# to those running co2



## cozmo1 (Jul 6, 2005)

can you all post pics of you pressurized co2 systems? also, what is your bubble count and where do you have your gauges set at?
thank you


----------



## DiPpY eGgS (Jun 3, 2005)

Hi. Welcome to APC!

Sorry this pic is blurry, but here is my CO2 setup. The guage on the left is set @ approximately 75psi, and on the right is @ 10psi. 
I believe the left one on my setup just has to have some sort of reading, and the right one needs to be around 10.. IT is a Milwaukee regulator with the SMS122 controller, so I don't have to worry about bubble count.. It just shuts off when the pH gets to the set level. Anyway, I have it set @ about 1-2 per second.


----------



## cozmo1 (Jul 6, 2005)

thanks for the pic dippy. i'm pretty familiar with the milwaukee regulators so adjusting should be no problem. so in general, the settings should be 75 and about 10 psi?
thanks


----------



## Jason Baliban (Feb 21, 2005)

The left guage will vary depending on the temp of the room. You really cannot control this guage. I run the guage on the right at about 25 psi.
jB


----------



## cozmo1 (Jul 6, 2005)

thanks jason.


----------



## Sir_BlackhOle (Jan 25, 2004)

Mine is set at 20psi and the needle valve controlls the bubble count. I believe its running at around 2 or 3 bbs at the moment w/ an eheim diffuser.


----------



## cozmo1 (Jul 6, 2005)

Sir_BlackhOle said:


> Mine is set at 20psi and the needle valve controlls the bubble count. I believe its running at around 2 or 3 bbs at the moment w/ an eheim diffuser.


thank you.


----------



## Jason Baliban (Feb 21, 2005)

Np Coz,

the left guage just measures the pressure in your co2 tank. As i said, this will vary from the temp of the room the tank is in. The right guage is adjustable.....
jB


----------



## DiPpY eGgS (Jun 3, 2005)

I came back to see if you had any questions, but it got covered nicely.. ya, what they said LOL


----------



## cozmo1 (Jul 6, 2005)

thanks dippy and jason.


----------



## trenac (Jul 16, 2004)

5lb canister set at about 2-3 BPS... The regulator is used by welders so it is calibrated for flow, no PSI.


----------



## JanS (Apr 14, 2004)

This one is a 5# with a Milwaukee regulator, set at about 2 - 3 BPS, with a controller. Much of it depends on what levels you're looking to attain, and how high your KH is, as to where you set your BPS rate. 
This particular cylinder is secured to the stand since it's not enclosed, and I don't want to invite any mishaps.


----------



## Heather Gladney (Sep 5, 2004)

Guys at the welding store blew out my Milwaukee regulator by overfilling the main tank, which blew out the overflow valve in it permently (yeah, they tried to repair it, worked briefly.
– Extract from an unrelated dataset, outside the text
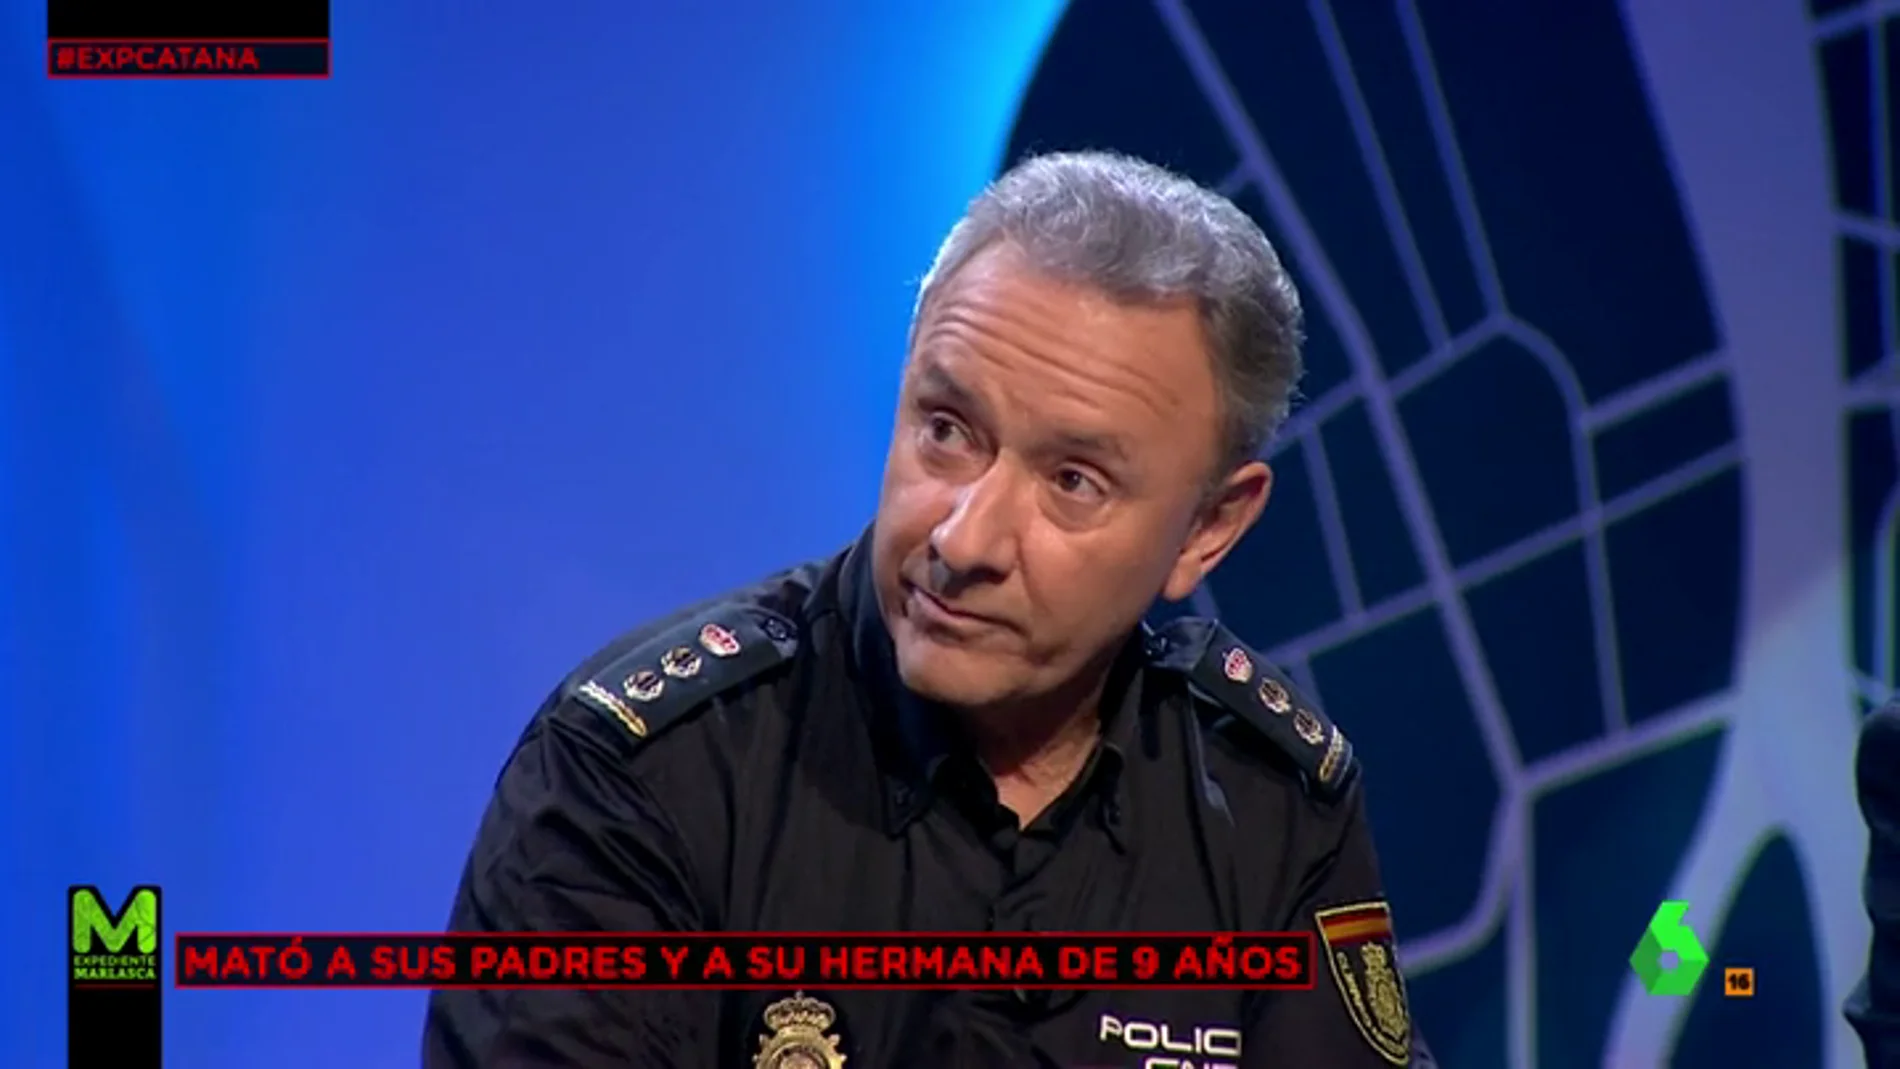 Alfonso Navarro, el comisario que interrogó al asesino de la catana

Now that's a whistle I won't forget in a hurry!)
No replacement parts, said the bubble counter/solenoid assembly had a weird French threading they couldn't duplicate (can you say imports?), and my original source said Milwaukee wasn't supporting their product for as long as originally claimed, so I was over warranty. I liked it, as the setup with solenoid to controller had bubble counter, even though I was constantly replacing water in the counter and it was a pain.
But I didn't feel like repeating that $80 experience, so went with separate parts from various online sources: separate needle valve and solenoid and a new regulator, using same controller, no bubble counter, works fine.
The shop guys felt so bad they clamped up proper new hose fittings for me, too.
(guilt=good!)
Just got to remember to keep the pH meter's probe calibrated and replace the probe now and then!


----------